Выбрать главу

Девушка печально взглянула на простодушную женщину; Назлы была предана ей всем сердцем, но разве она могла понять муки любви?

— Няня! Расскажи что–нибудь… Только не сказку, а что–нибудь такое… что было на самом деле. О себе расскажи!

— Есть о чем толковать! Да что для тебя в моей жизни интересного?

Агабегим улыбнулась.

— Ну, няня! Ты расскажи, как подрастала… Как замуж выходила.

Улыбка чуть тронула губы Назлы.

— Замуж? Да как выходила?.. Как все выходят. Ходила каждый вечер за водой на родник, один раз пастуха повстречала, сидит себе у воды, на свирели наигрывает… Вижу, уставился он на меня, прямо глаз не сводит. Ну, а мне ни к чему… Пришла, дела домашние справила, спать улеглась. А пастух после того раза как начал к нашему забору ходить, каждый вечер наведывался, все на свирели играл… Я уж, бывало, лягу, а он все заливается… «Вот, думаю, бесстыдник, — и чего ему неймется — до полуночи под забором торчит!..»

— Какая же ты счастливая была, няня! — воскликнула Агабегим. — Как бы я хотела быть на твоем месте!

— Не приведи аллах! Да чего тут хорошего, доченька — чабан бесстыдный повадился!.. А ты сама что стала бы делать на моем месте?

— На твоем месте?! Да я прижалась бы к тому плетню и плакала бы там до утра!..

— Вот уж придумала!.. — Назлы с удивлением поглядела на девушку.

Та печально улыбнулась в ответ.

— Ну, а что ж дальше было, няня?

— Что дальше? Пришли какие–то люди… Сватать меня стали. Я им вроде понравилась. Потом свадьба была. На свадьбе я жениха своего и увидела: так и есть, тот самый чабан!..

— А ты счастлива была, няня? Радовалась?.. Или плакала?

— А что ж радоваться–то? Пришел мой срок замуж идти, значит надо идти. Понятное дело, плакала… Так уж заведено: девушка всегда плачет, когда с родительским домом расстается.

— Нет, няня, не понимаешь ты меня! Никогда не поймешь. Как пришла ты в этот мир вслепую, так и уйдешь незрячей.

ЧАСТЬ ТРЕТЬЯ

1

Когда Аллахкулу зашел к соседу, тот вместе с ребятишками сидел возле кюрсю, которое сооружено было из столика на коротких ножках, поставленного посреди комнаты над очагом; в очаге тлели угли; сверху столик накрыт был одеялом, а вокруг него разложены подушки.

Кязым лежал на подушках, до подбородка натянув одеяло; видна была только голова. Телли и Гюльназ сидели поодаль, чесали шерсть. Жена Кязыма пряла. За окном белели сугробы снега.

Аллахкулу подышал на руки, снял возле двери покрытые снегом башмаки, поздоровался и присел к кюрсю. Здесь было жарко, как в бане. Аллахкулу протянул ноги к самому очагу и стал согревать застывшие руки.
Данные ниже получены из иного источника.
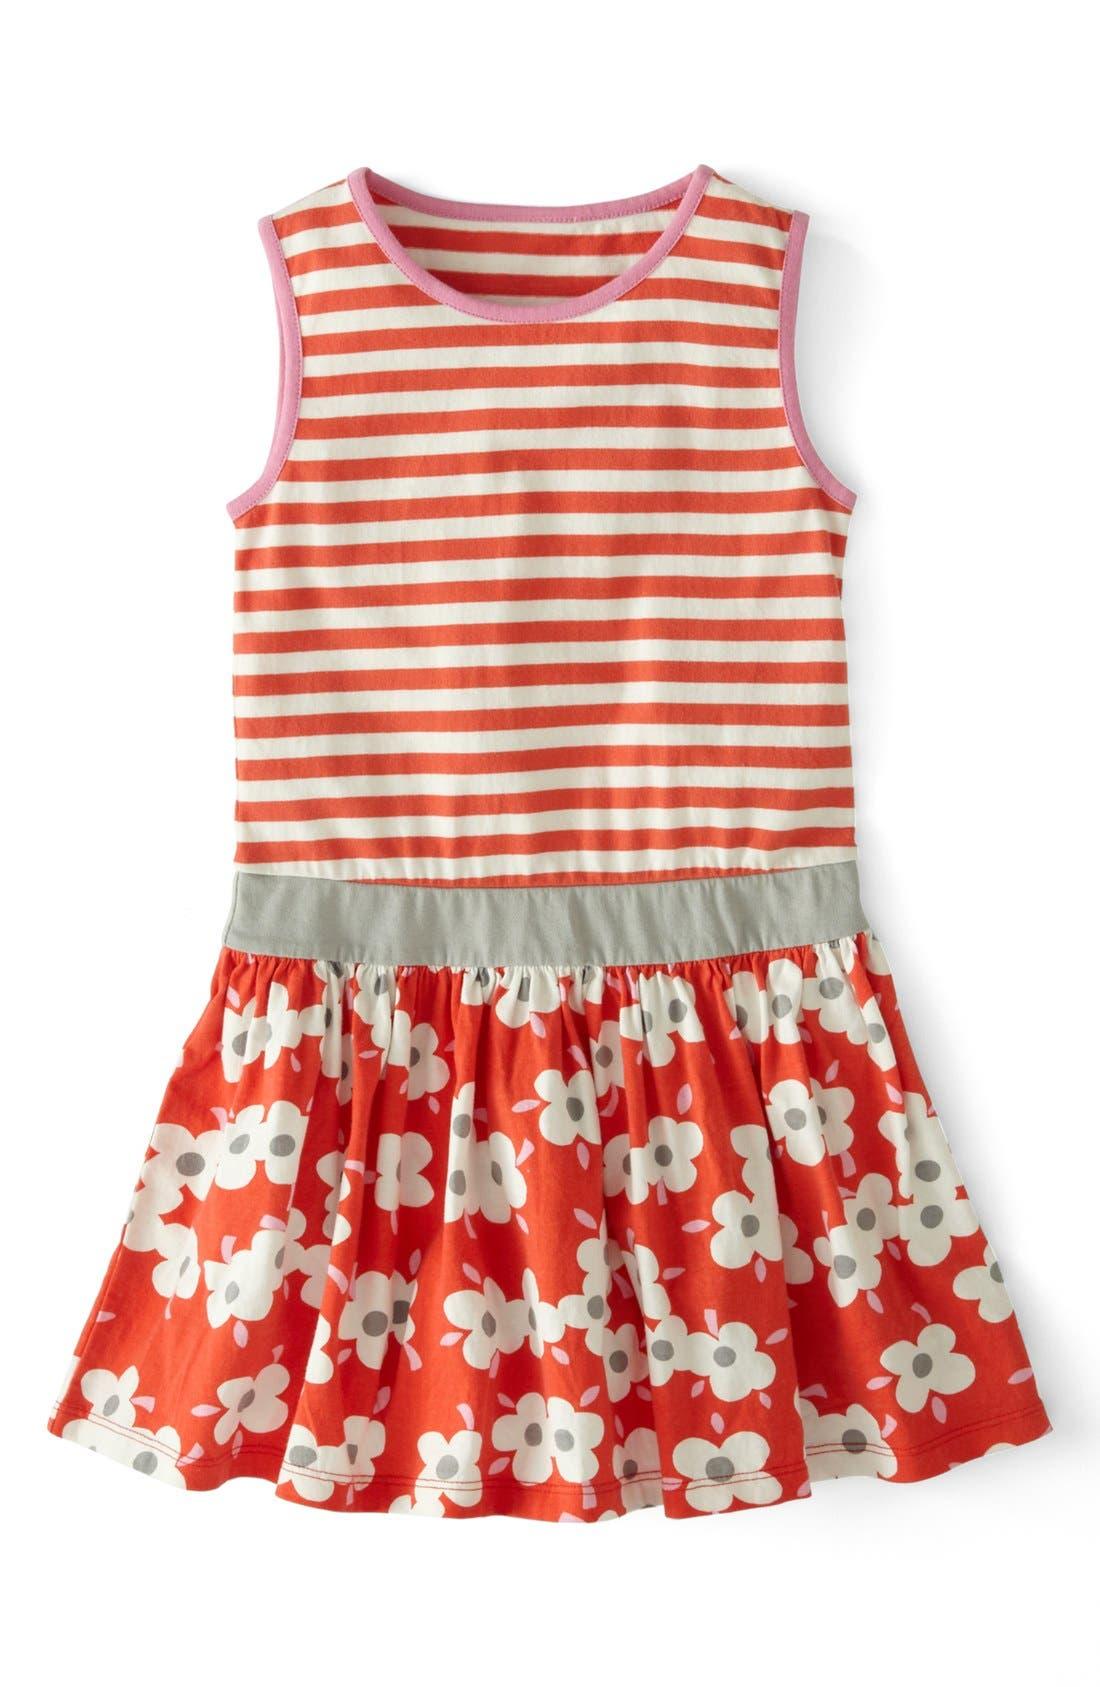 Main Image - Mini Boden 'Jolly' Cotton Jersey Dress (Toddler Girls)

— Ну и мороз сегодня — камни трескаются!..

— Если бы только камни… — Кязым печально покачал головой. — Сердце человеческое не выдерживает? Сиди, жди! А до каких пор? До каких пор мне без дела сидеть? Сколько шелка, сколько хлопка погибло — где их теперь взять?!

— Да-а, — протянул Аллахкулу. — Если б все по порядку, землепашец хлопок бы сеял, шелковод разводил бы тутовых шелкопрядов… А сейчас? Все порушено, никто не знает, доживет ли до завтрашнего утра… — Аллахкулу помолчал и сказал с сердцем: — А чего русское войско к нам не идет — в нем только, видно, наше спасение!

Кязым усмехнулся.

— Один раз Молла Насреддин взял да пустил слух, будто за горами арбузы раздают — по мешку на брата. Ну народ похватал мешки и — туда, за горы. А Молла видит, уж больно ретиво все мешки хватают, взяло его сомнение — может и вправду дают? Чего же арбузам пропадать? Хвать сам мешок да вдогонку за односельчанами… Вот и ты, смотрю я, за мешок хватаешься, а ведь арбузов–то никто пока не видал!..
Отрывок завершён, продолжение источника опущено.